Как какая чума — честь, красота. Если только это не одно и то же.

Но что бы мы могли без науки? Вот оно, напротив, через Фонтанку — Николаевское инженерное училище, Михайловский замок, — мы же всё взяли оттуда: гальванический подрыв у Шиллинга, стеклянную подрывную трубку у Власова… А сейчас там Яблочков колдует над своей электрической свечой, затмевающей солнце… Никогда я больше не чувствовал себя таким счастливым, как в те короткие годы, когда метался от науки к науке. Не опьянённым, не упоённым — просто счастливым, насколько это отпущено смертному. Но нет же, захотелось поиграть в Рахметова, в Занда, в Брута…

А вождь наш, Тарас, с детства играет в запорожца. И жандармам хочется поиграть — им тоже нужны шлемы, шишаки…

Прошёл мимо, и ничего не дрогнуло, только проснувшийся скептический бесёнок шепнул на ухо: так сейчас арест для тебя был бы спасением, виселицу ты ещё не успел заслужить, а вот завтра уже получишь её наверняка, если только на месте не прикончат. Нет, последнюю пулю непременно сохранить для себя…

Подумалось скучно, по-деловому. Но вот от чего впервые ёкнуло сердце: Цепной мост. Как я обмер от радости, когда самостоятельно вывел уравнение цепной линии. Отец не очень-то хотел нанимать для меня домашнего учителя — так глубоко забираться в интегралы и дифференциалы казалось ему не дворянским делом. Но когда этот волосатый нигилист в очочках и пледе сказал ему, что ещё не встречал таких математических дарований, он заметно потеплел и к высшей математике, и к нигилистам. И всё равно он предпочёл бы отдать меня в училище правоведения — вот как раз и его колоннада справа. Композитора Чайковского его гений увлёк из-за этих колонн в истинную красоту и высоту, а вот мои талантишки, видно, оказались слабоваты.

А поблизости в Соляном переулке финансовый туз барон фон Штиглиц разворачивает роскошное училище технического рисования, дабы выводить красоту из дворцов и музеев в будничную жизнь, творить гибриды красоты и пользы. Отец при всей его нелюбви к утопическому фантазированию тоже иногда проговаривался в таком духе, что демократия должна не уничтожать аристократию, а распространять её завоевания на всех, кто способен их усвоить. В этом мне слышался намёк, что усвоить их способен отнюдь не каждый, и в нашей спартанской секте полагалось насмешничать над узорами на печном горшке, а меня уже давно посещали предательские мыслишки, что прелесть жизни придают именно узоры. И мужики, как я убедился в своих странствиях, отнюдь узоров не чуждаются, уж сколько им по их возможностям отпущено. И я бы, чувствую, красоте этой послужил с большой охотою, если бы только дал себе волю.

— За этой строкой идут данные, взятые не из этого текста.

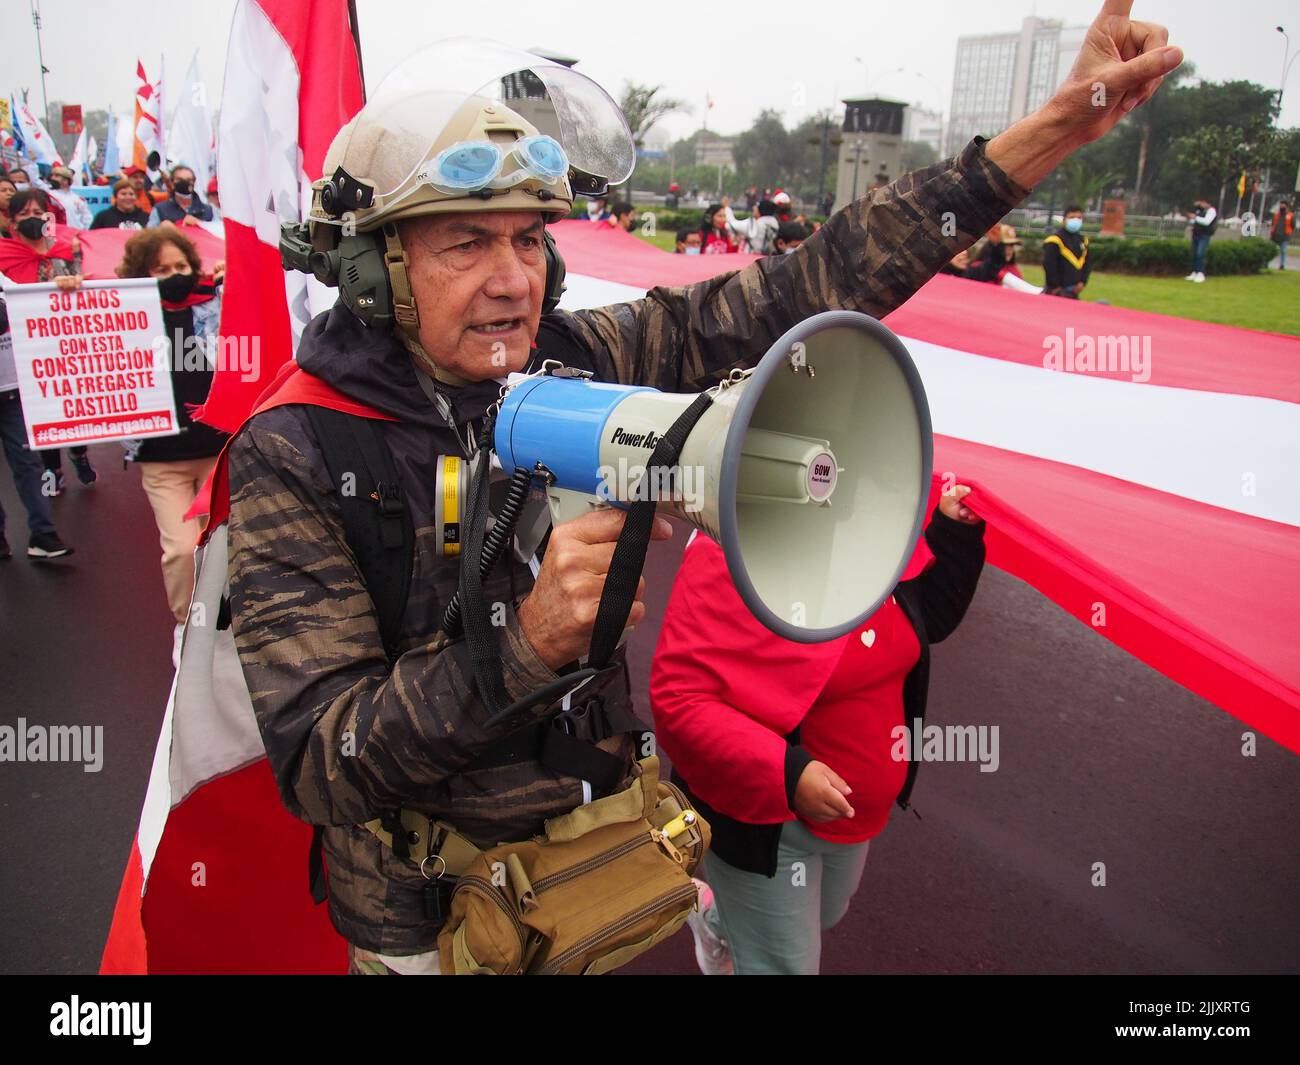 Gigante bandera peruana llevada por manifestantes cuando en el día de la independencia de Perú, cientos de personas se reúnen en las calles para protestar contra el presidente Pedro Castillo, acusado de varios actos de corrupción después del primer año de su gobierno. Foto de stock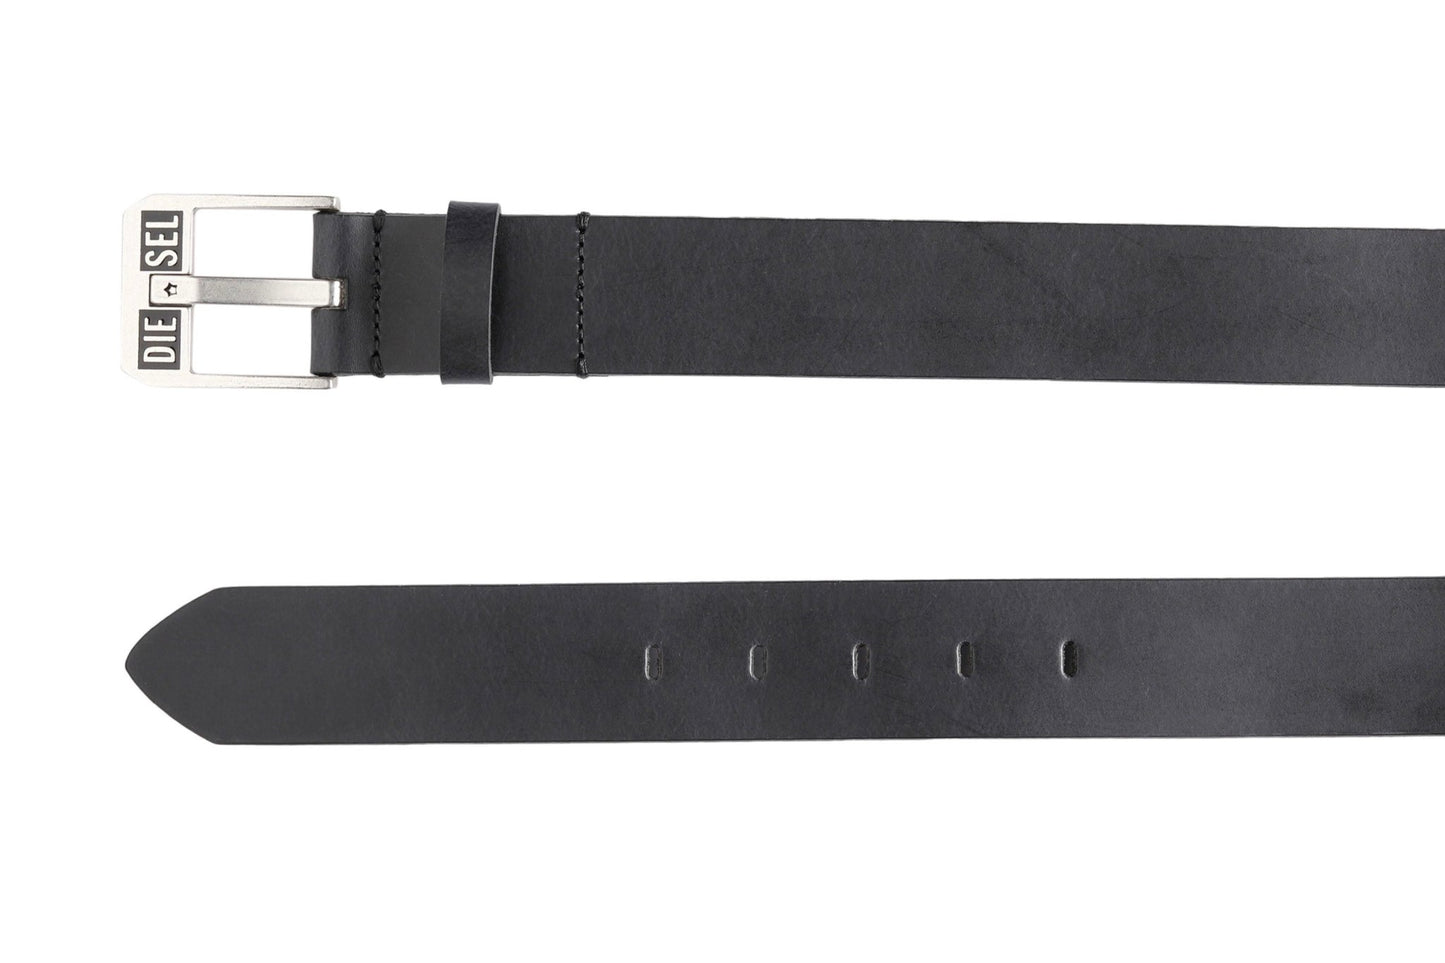 A black DIESEL BLUESTAR II leather belt with a silver buckle.

Но я считал себя вправе бороться лишь за чужую свободу.

С барок здесь, когда ни пройдёшь, кажется, круглый год разгружают дрова… Вот так бы их и разгружать и не тревожиться об истории, перед ходом которой мы бессильны, словно колибри перед мамонтом. Ведь эти грузчики и не думают стонать, это мы придумали, чтобы вдохновляться своим сочувствием к ним. Они не знают самого мучительного страдания — принуждения быть маленьким, когда ощущаешь себя большим, а большими мы могли ощущать себя, только вступаясь за «маленьких людей», которые ничуть не меньше и не слабее нас.

Вот хоть бы и этот, будто на сеновале, разлегшийся в своей лодке яличник в палаческой красной рубахе, красив и румян, чего ему стонать, в этой же рубахе он и пойдёт глазеть, как меня будут вешать, скажет: опять господа чегой-то промеж себя не поделили (нет, последнюю пулю только себе…). Да и государь, пролетая со своим конвоем мимо Инженерного замка, тоже, наверно, вспоминает, что дедушку его, да и прадедушку тоже, уходили не крестьяне, а дворяне, он, наверное, и нас считает кем-то в этом роде и, возможно, не так уж и ошибается: первых более всего ненавидят не последние, те ненавидят предпоследних. Первых ненавидят вторые, желающие с ними сравняться.

Но что бы я ни передумал, я не передумаю, доведу дело до конца, пройду для начала полагающееся очищение водой: если пересечёшь Неву и не увидишь за собою другой лодки, значит, никто по твоему следу не идёт. Пока не научатся наблюдать издали или передавать тебя заранее расставленным часовым.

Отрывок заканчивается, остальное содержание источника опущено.